**Exercise objective**
Copy the closing run of lines, from the one with "ALMA Spots Supernova Dust Factory" through the last line of the listing, exactly and without any pictures.

[Opening Data provided section]

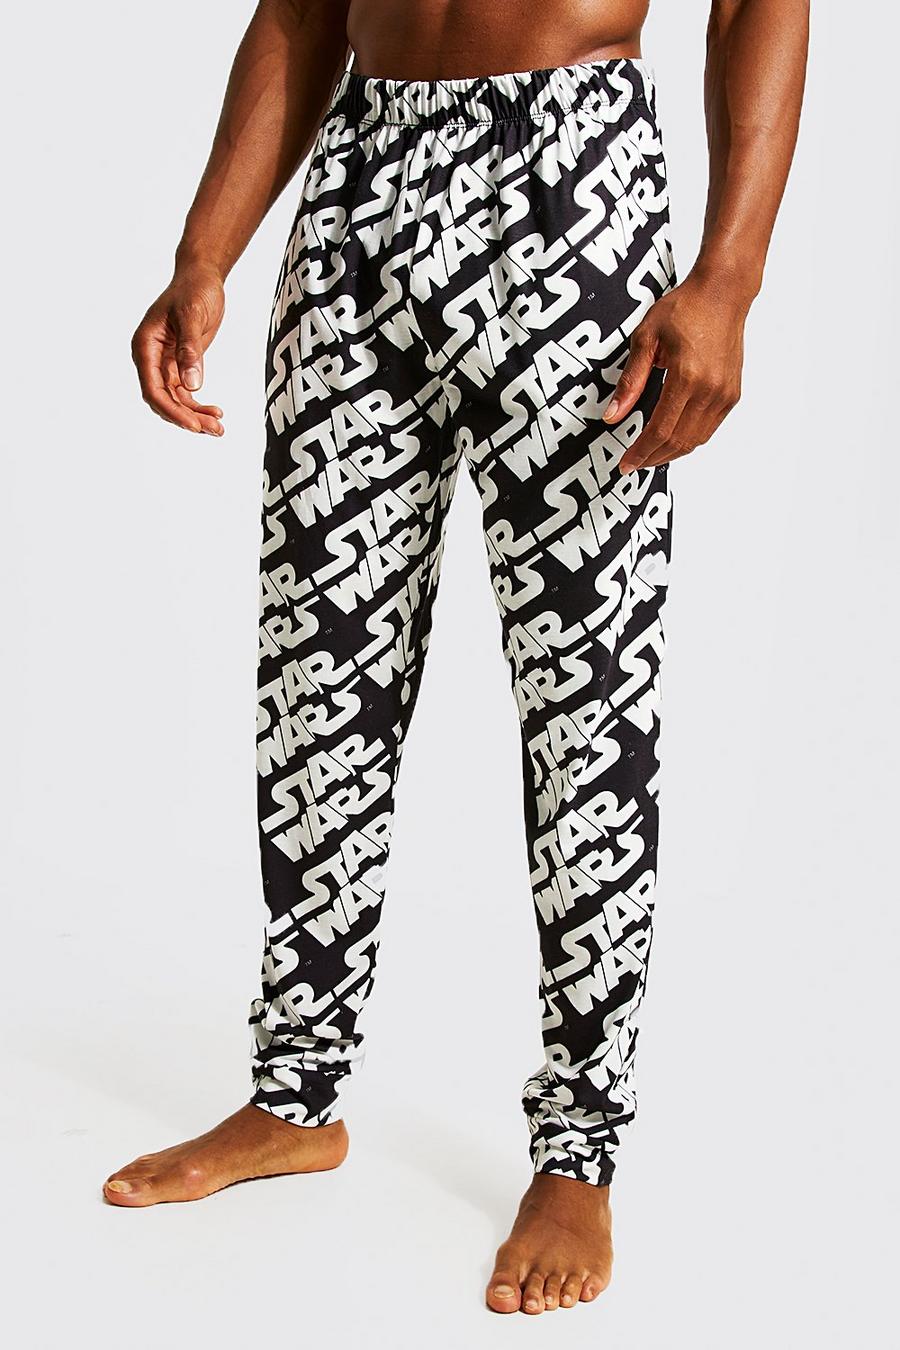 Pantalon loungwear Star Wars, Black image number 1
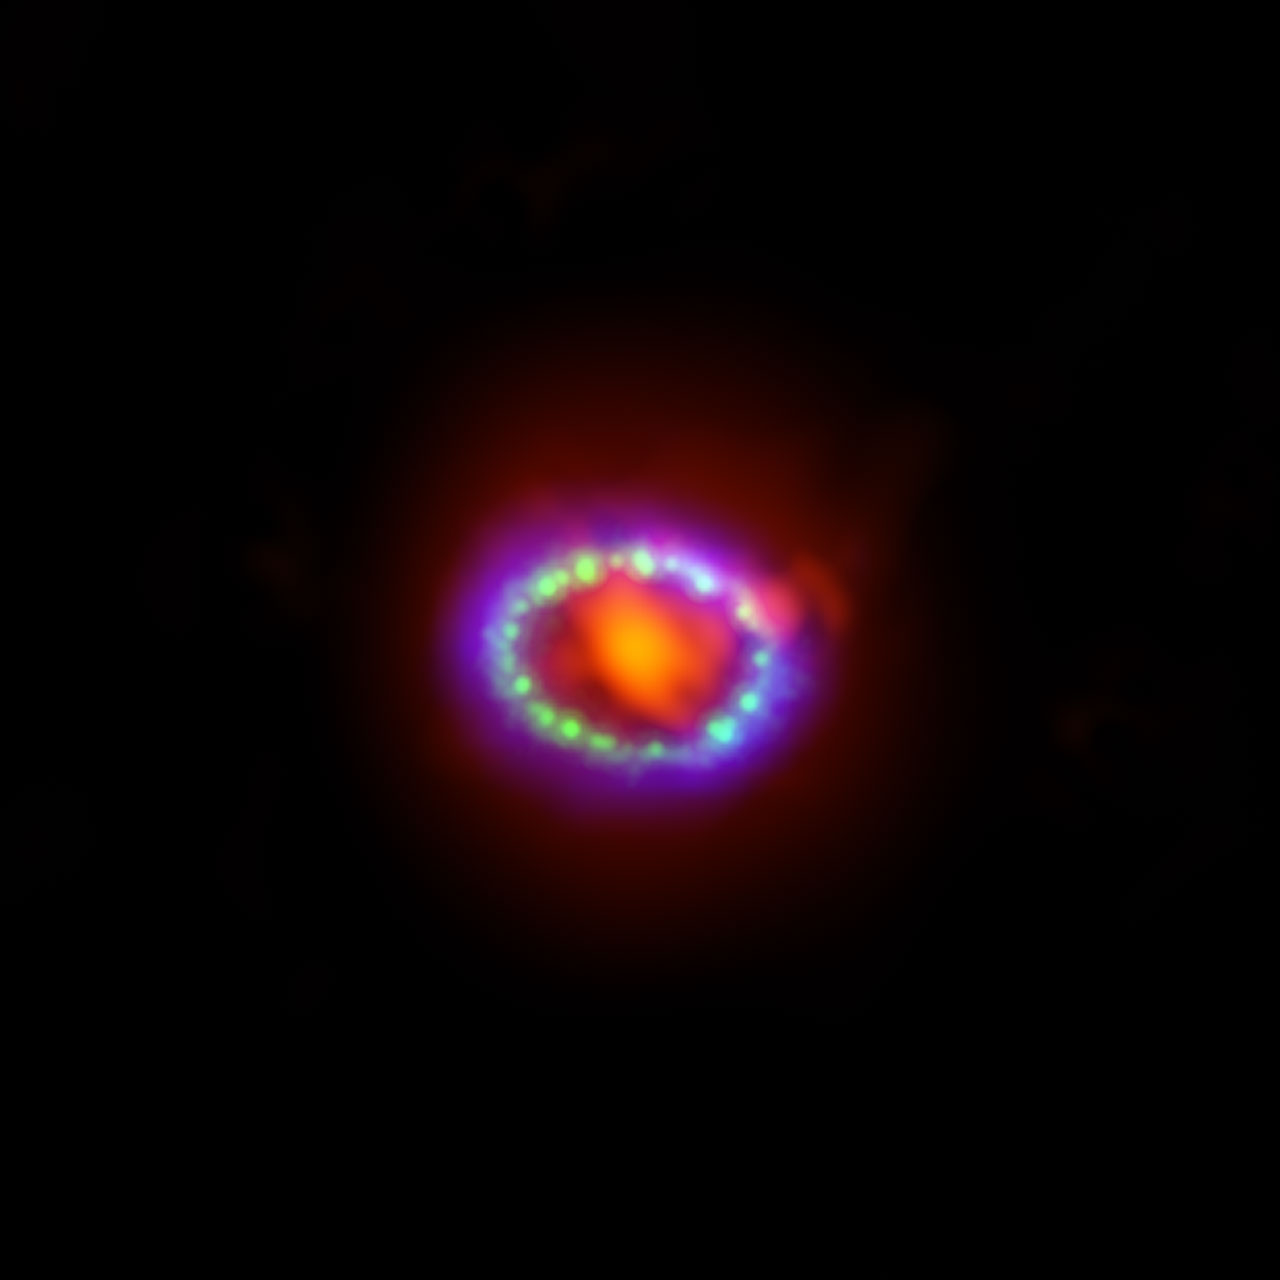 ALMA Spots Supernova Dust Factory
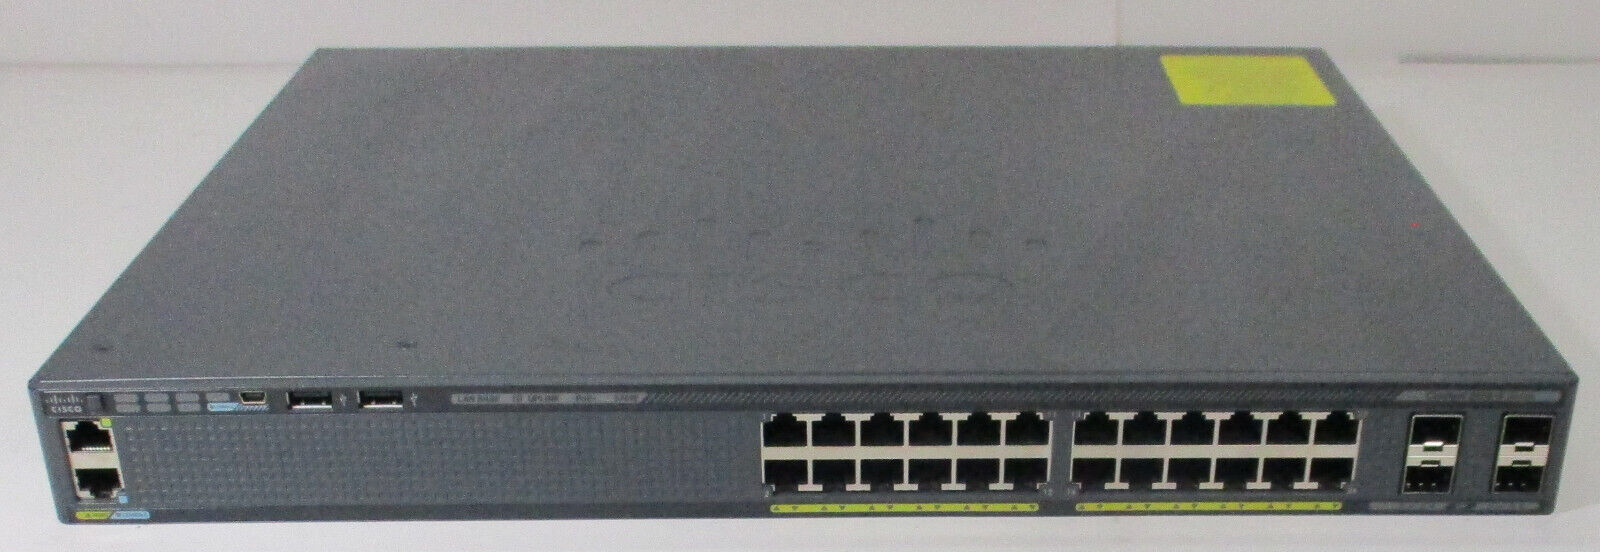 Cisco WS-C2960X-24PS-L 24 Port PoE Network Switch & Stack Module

[Closing Data provided section]

**Your response**
 ALMA Spots Supernova Dust Factory
 Cisco WS-C2960X-24PS-L 24 Port PoE Network Switch & Stack Module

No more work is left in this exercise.